Hello...I'm a newbie, just got this smoker and cannot figure out how/where to locate the wood chips/chunks.  No information whatsoever in the directions!   This is my first baby steps in smoking....I'm the chief cook/griller for my family and I am looking forward to learning the ins/outs of smoking.  Thanks for your help!


----------



## nwdave (May 29, 2011)

PM Magnum3672 on this site.  They have one.  I googled your smoker and no info.  Sorry I couldn't be of more help.


----------



## michael ark (May 29, 2011)

Post some pictures and we will have you smokeing in no time.Were is the heat and whats above it.


----------



## kevbuc (Jul 5, 2011)

I have the same smoker and used it for the first time this weekend. Soak 2 handfull of chips for an half hour in water.. Wrap in 2 seperate packet of aluminum foil, poke holes in the top and put them right on top of the lava rocks. My chicken turned out great for the fourth.


----------



## soozee (Aug 13, 2011)

I soaked chips for several hours and then just put them right on top of the lava rock and element.  Got good smoke, for sure.  If I wrap it in foil I guess it will last longer?  Is that the purpose of the foil?

Also, KevBuc, do you completely cook the chicken in the smoker or move it to the oven at some point? 

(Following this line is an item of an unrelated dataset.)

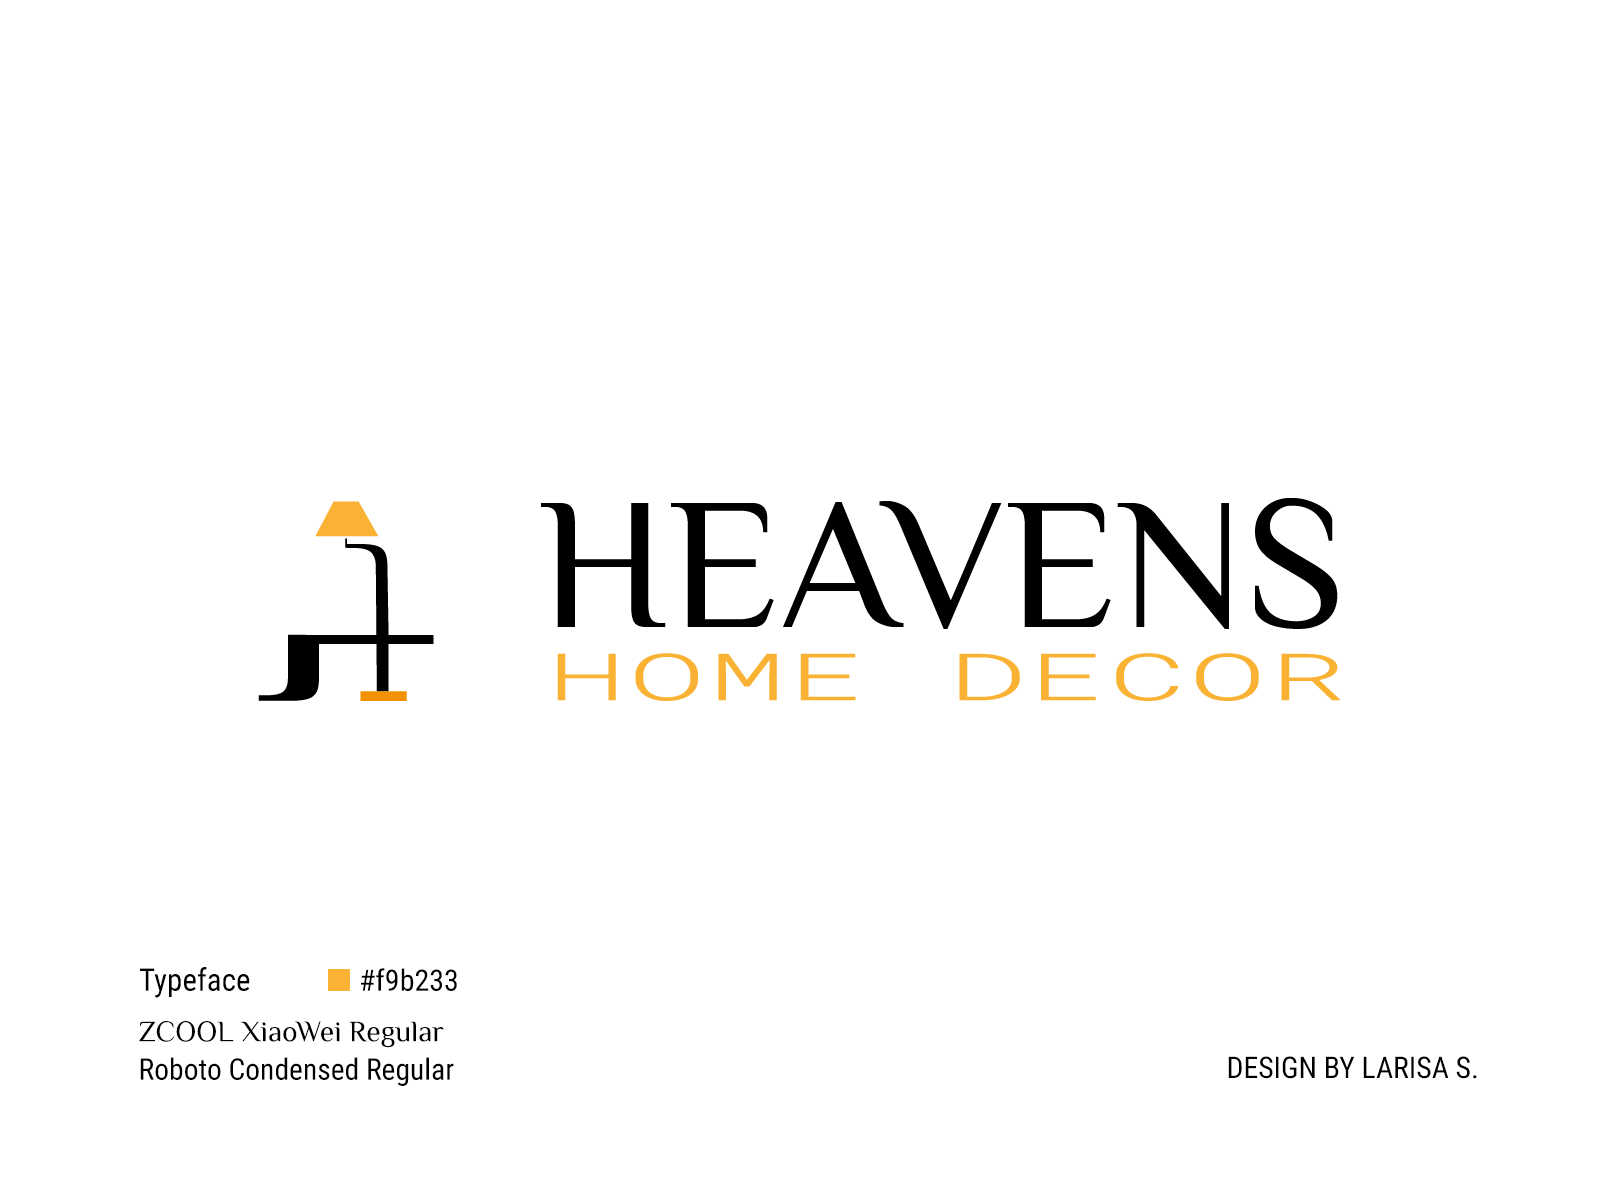 Heavens Home Decor adobe illustrator brand logo branding design graphic design logo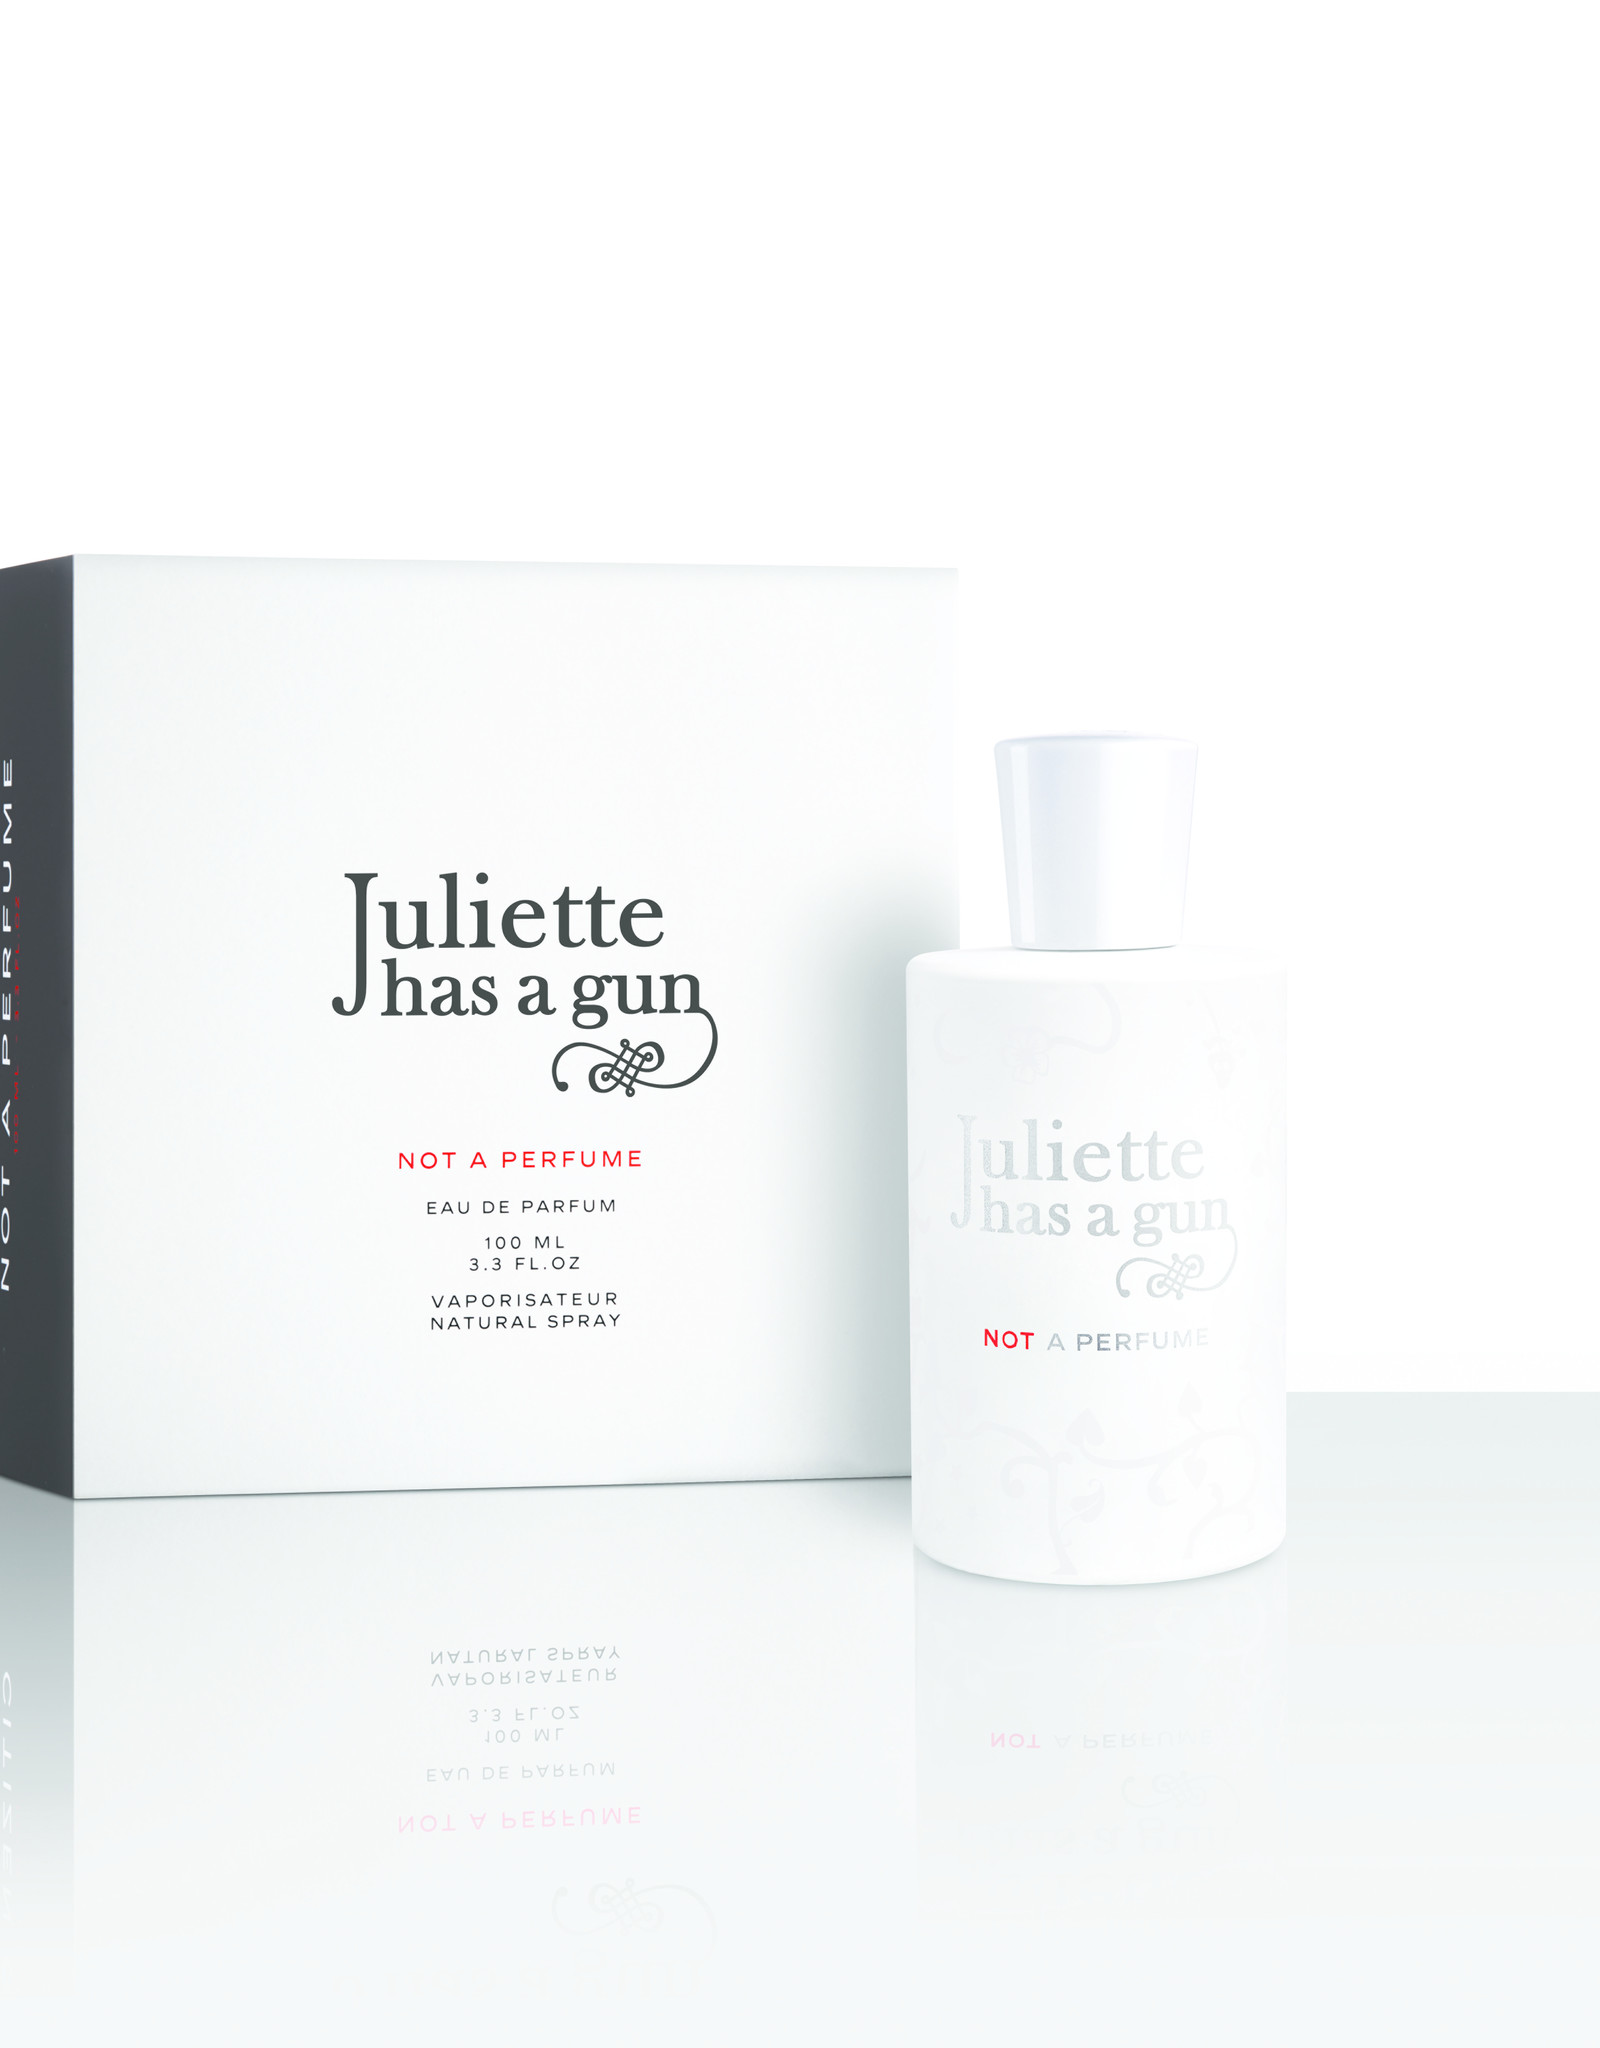 Juliette has a gun Juliette has a gun - Not a perfume 50ml

Thanks!  I'm new to this and the book that came with the smoker pretty much sucks.

s


----------



## SmokinAl (Aug 13, 2011)

Glad to have you with us!


----------



## meateater (Aug 13, 2011)

Welcome to the SMF. Glad to have you here. Lots of good folks, great recipes and knowledge. Looking forward to your first qview.


----------



## ken dallman (Jul 5, 2012)

Yours is the best reply. He is right, the instructions omit placement of the wood chips and your advice about soaking them first. Master Forge also makes a stainless steel wood chip smoker box which can be used instead of the foil; Use of either of these would likely aid in clean up for next use.


----------



## judymcc (Jul 5, 2012)

I figured out how to get good smoke w/my smoker.  I bought a small grate and sat it on top of the lava rocks/element then put the soaked wood chunks on that.  I also eliminated the huge water pan and just add a small aluminum pan of water on my cooking grate, or eliminate it all together when smoking small cuts of meat.  Now my dilemma is that my cord seems to be malfunctioning...it will not keep a connection when plugged into the smoker.  Has anyone had any luck in finding a replacement cord?


----------